Susan felt the color rise to her cheeks. Good point, though Mary could be faking
her obliviousness. She didn’t think so, though. “Fair enough. Gerald was released from prison about a week ago. You obviously didn’t know.”
Mary pursed her lips. “I didn’t.”
“I take it you two aren’t close?”
“And I take it you know what he was locked up for.”
“I do.”
Mary sighed deeply, her body so frail that it seemed as if she’d lost a few pounds along with the air spent from her lungs. “But I suppose he’ll always be my son, no matter what he did.”

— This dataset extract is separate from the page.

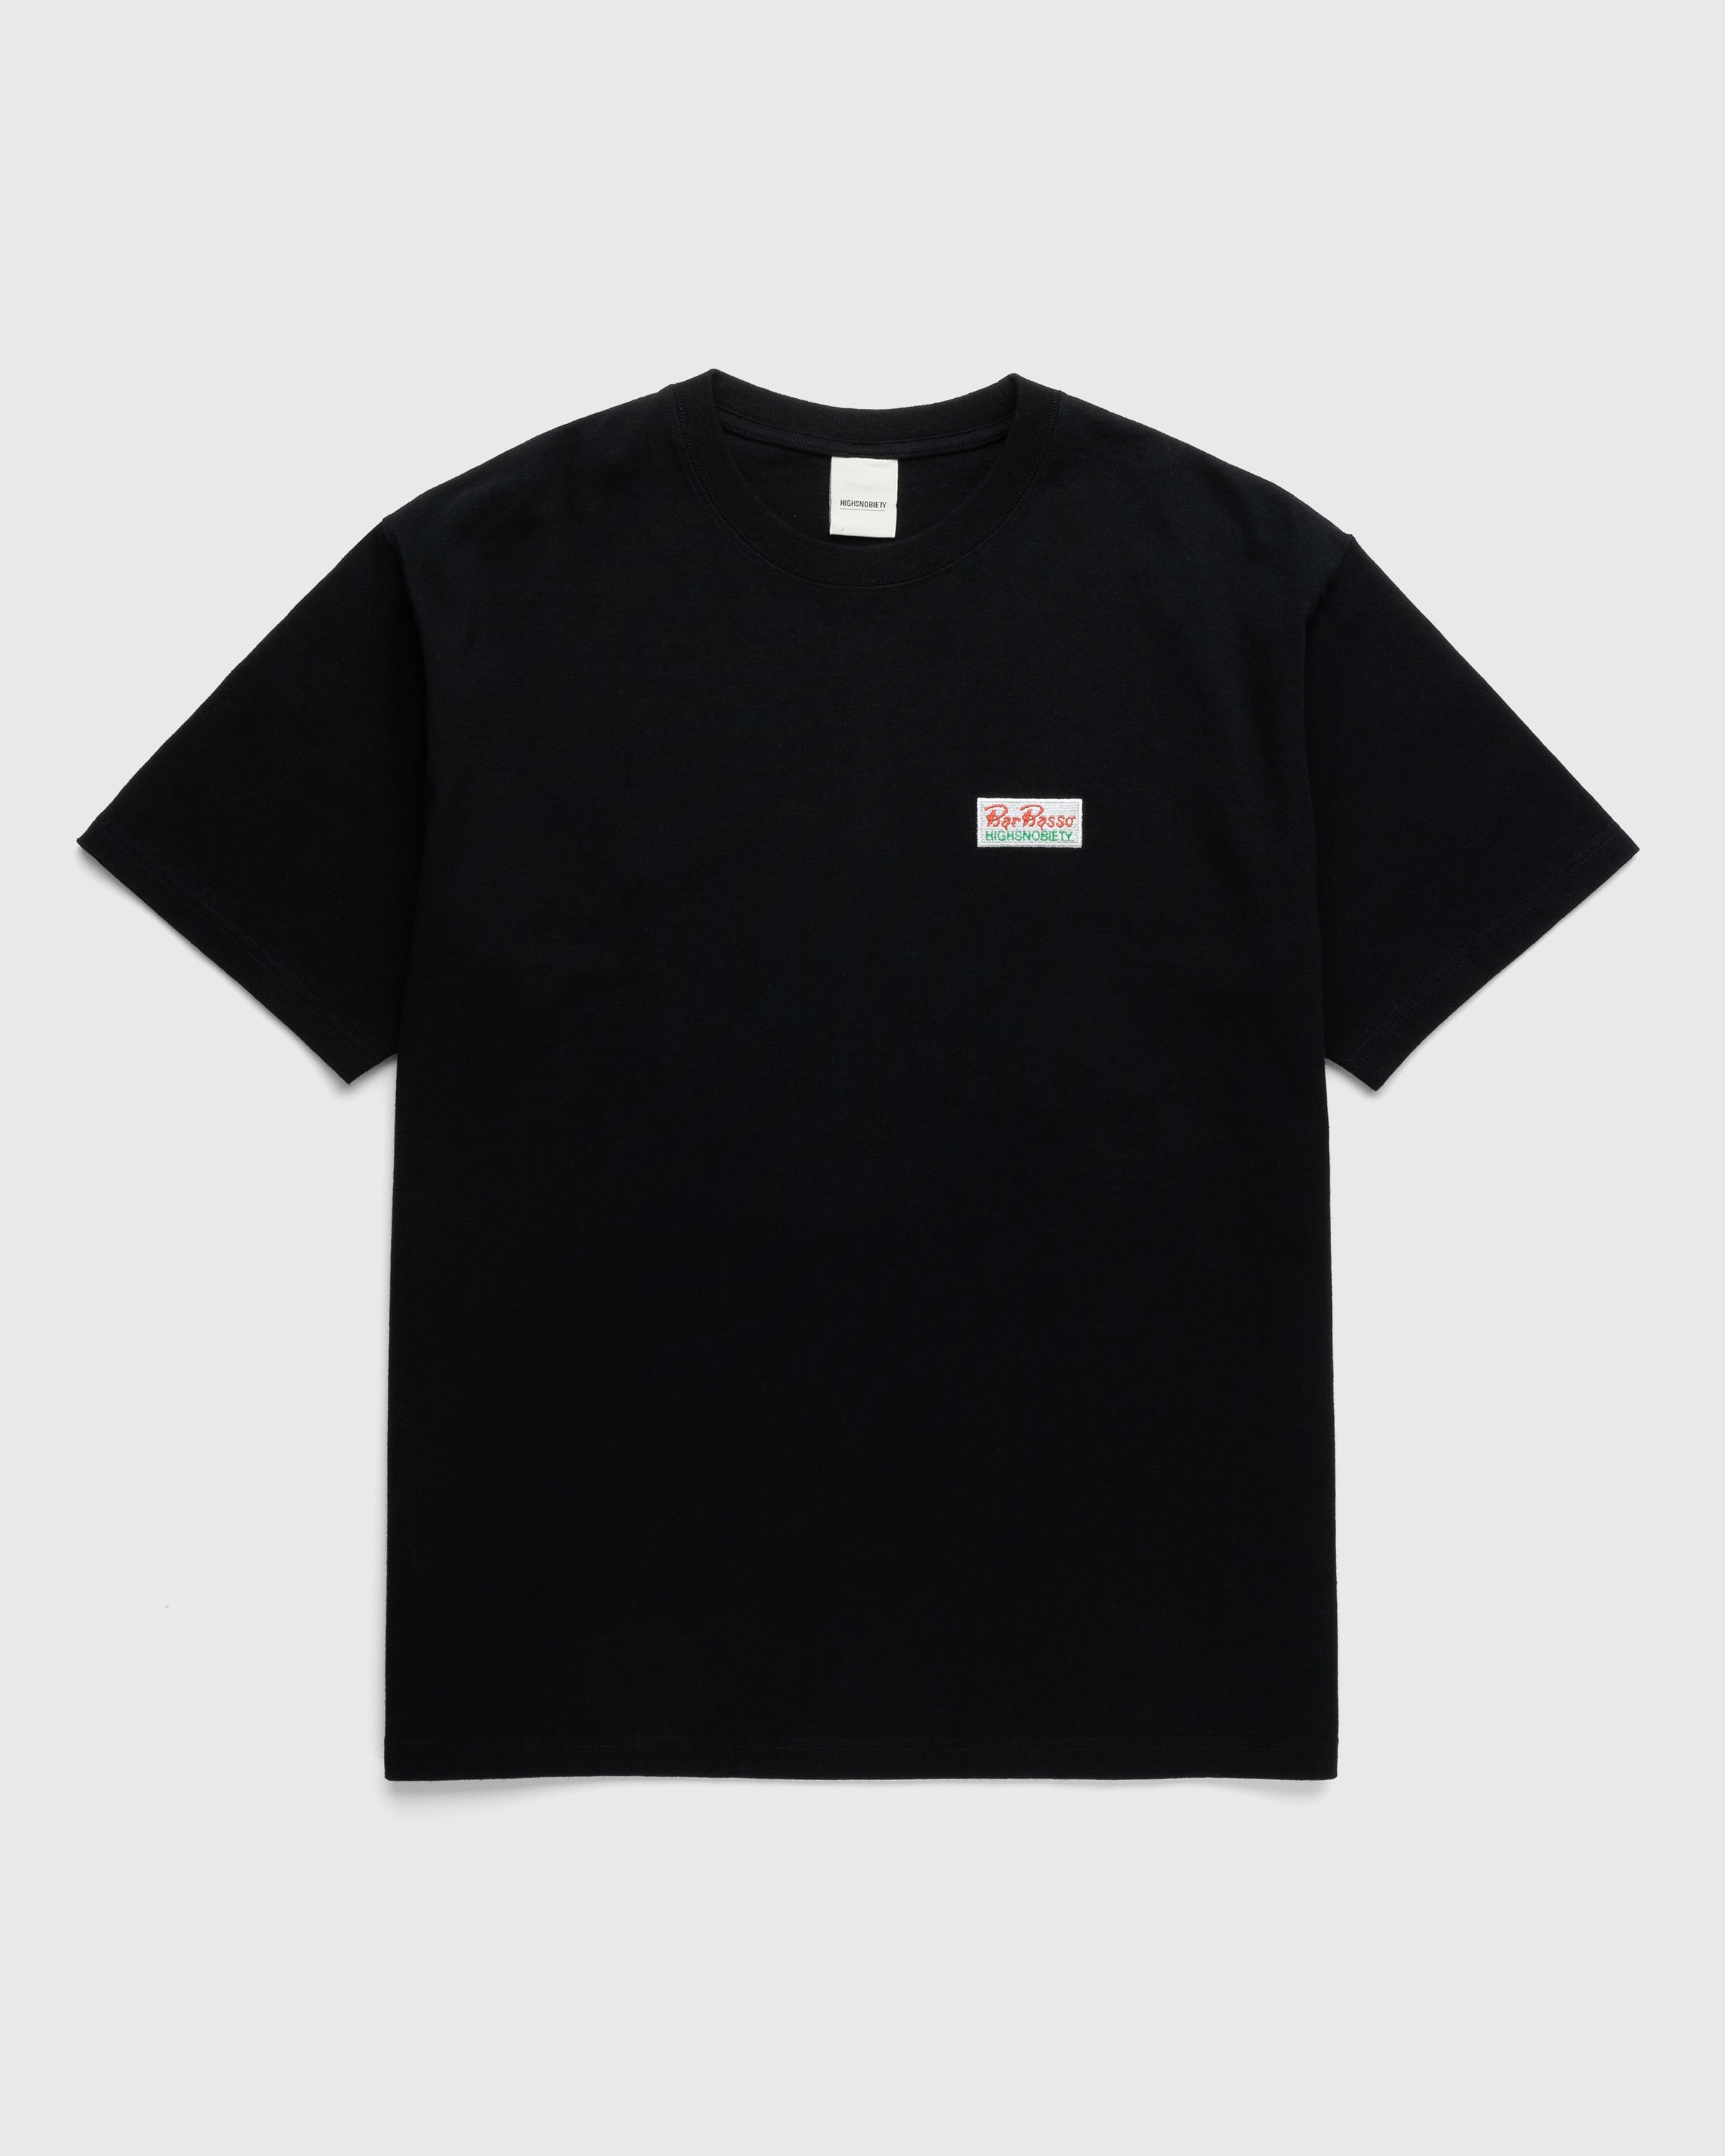 Bar Basso x Highsnobiety – Sbagliato T-Shirt Black - Tops - Black - Image 2

Mary’s comment was one that Susan had heard copiously, and it never ceased to get her hackles up. Perhaps if more mothers held their sons accountable instead of blindly standing by their sides the way Mary did, there’d be a hell of a lot fewer wife beaters and rapists out in the world. “You mean violating innocent children.”
Mary, of course, had nothing to say about that. “Why are you here, Officer?”

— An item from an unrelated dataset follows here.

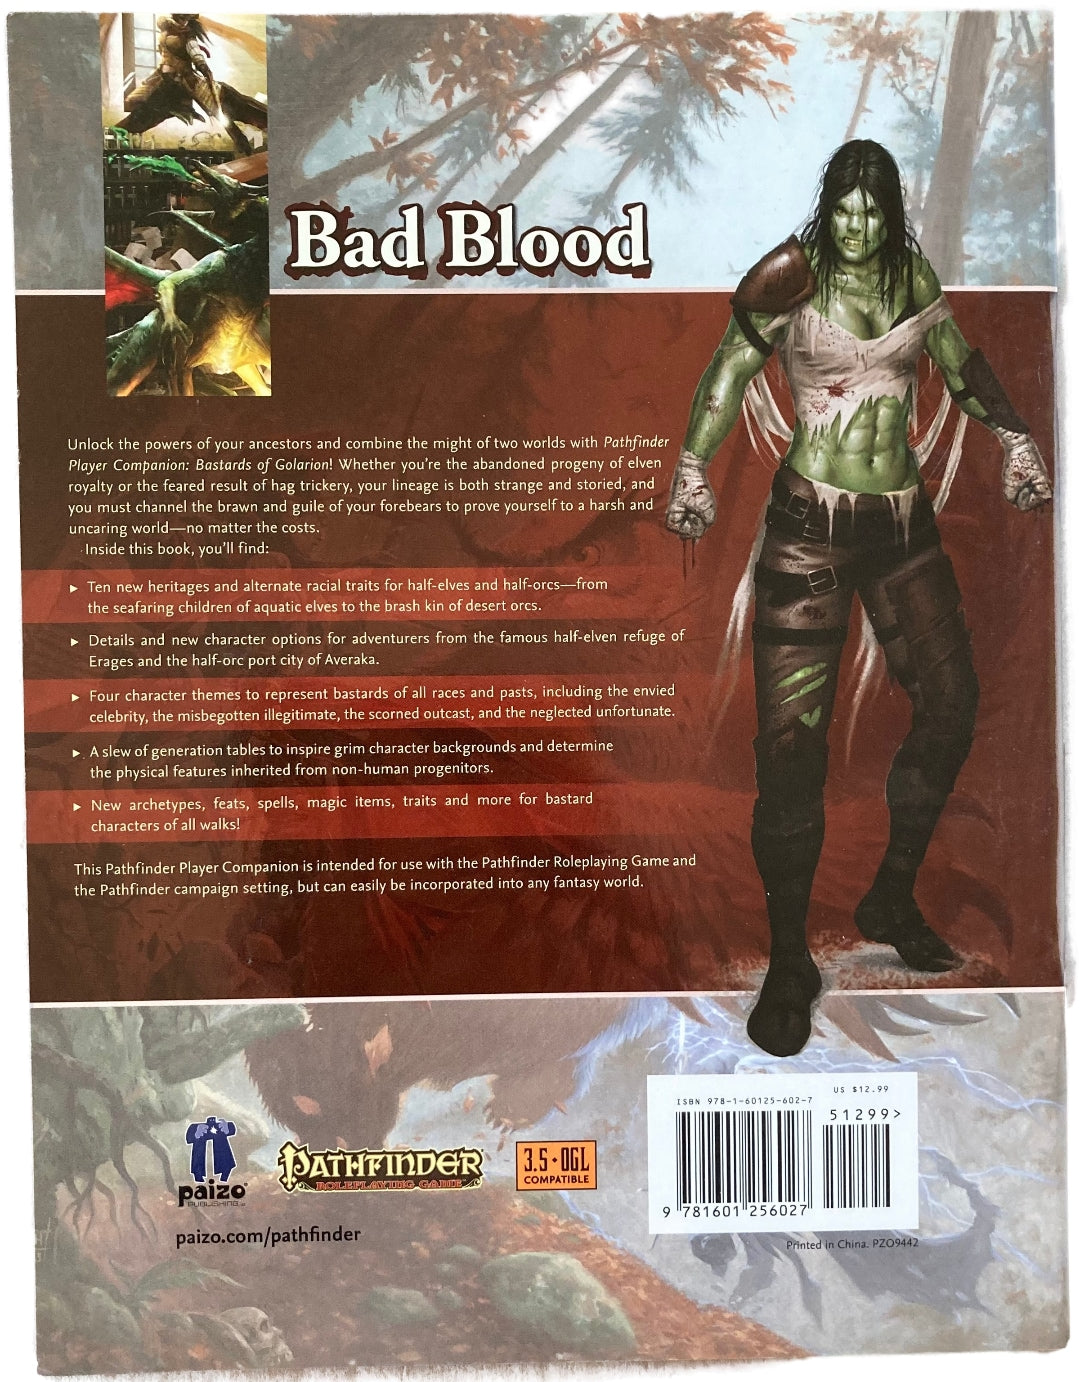 Paizo - Pathfinder RPG - Player Companion: Bastards of Golarion (2014)

Susan checked herself silently. It wasn’t her job to place judgment, at least not vocally. And if she got too snarky, Mary would be of no help. “I’m here about Gerald’s charges.”

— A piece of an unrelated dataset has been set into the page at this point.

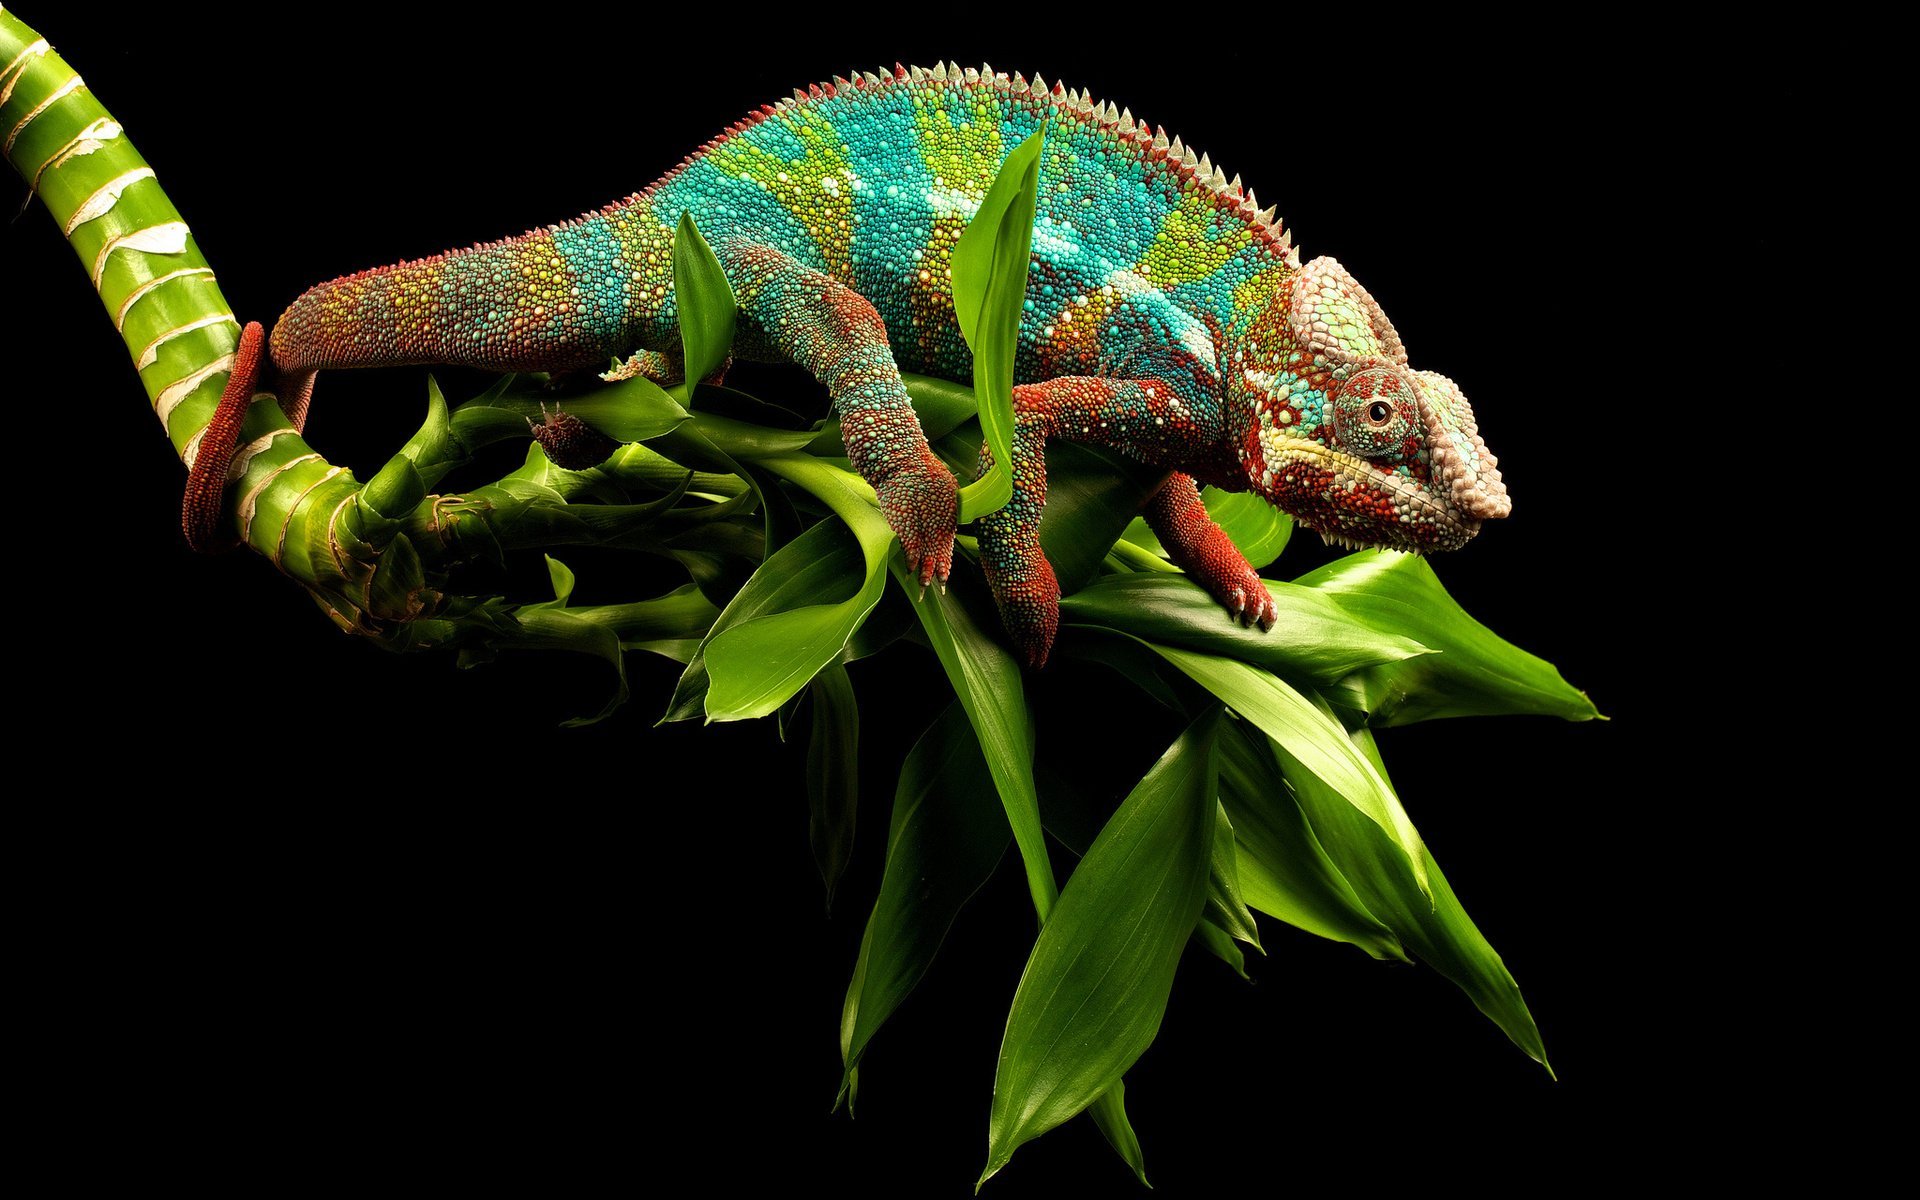 reptile, reptiles, animal, chameleon, close up, green, lizard, plant

Mary leaned forward, her expression cautious. “Go on.”
“First, I’d like to confirm with you: your son owns your farm now—is that correct?”
Mary nodded. “I signed it over to him when my body started going to pot. With the way the system works, the government would’ve taken everything I owned to pay for my medical bills.”
“I understand. Is there a possibility that Gerald could have been . . . operating longer than we’ve known?” Susan typically wouldn’t have been so cryptic, but it felt dirty and wrong, speaking to this ancient woman about a child predator. Despite her standoffishness, Mary Nichol seemed far too sweet to have any affiliation with the monster that was Gerald Nichol. Of course, they always did. People were great at pretending.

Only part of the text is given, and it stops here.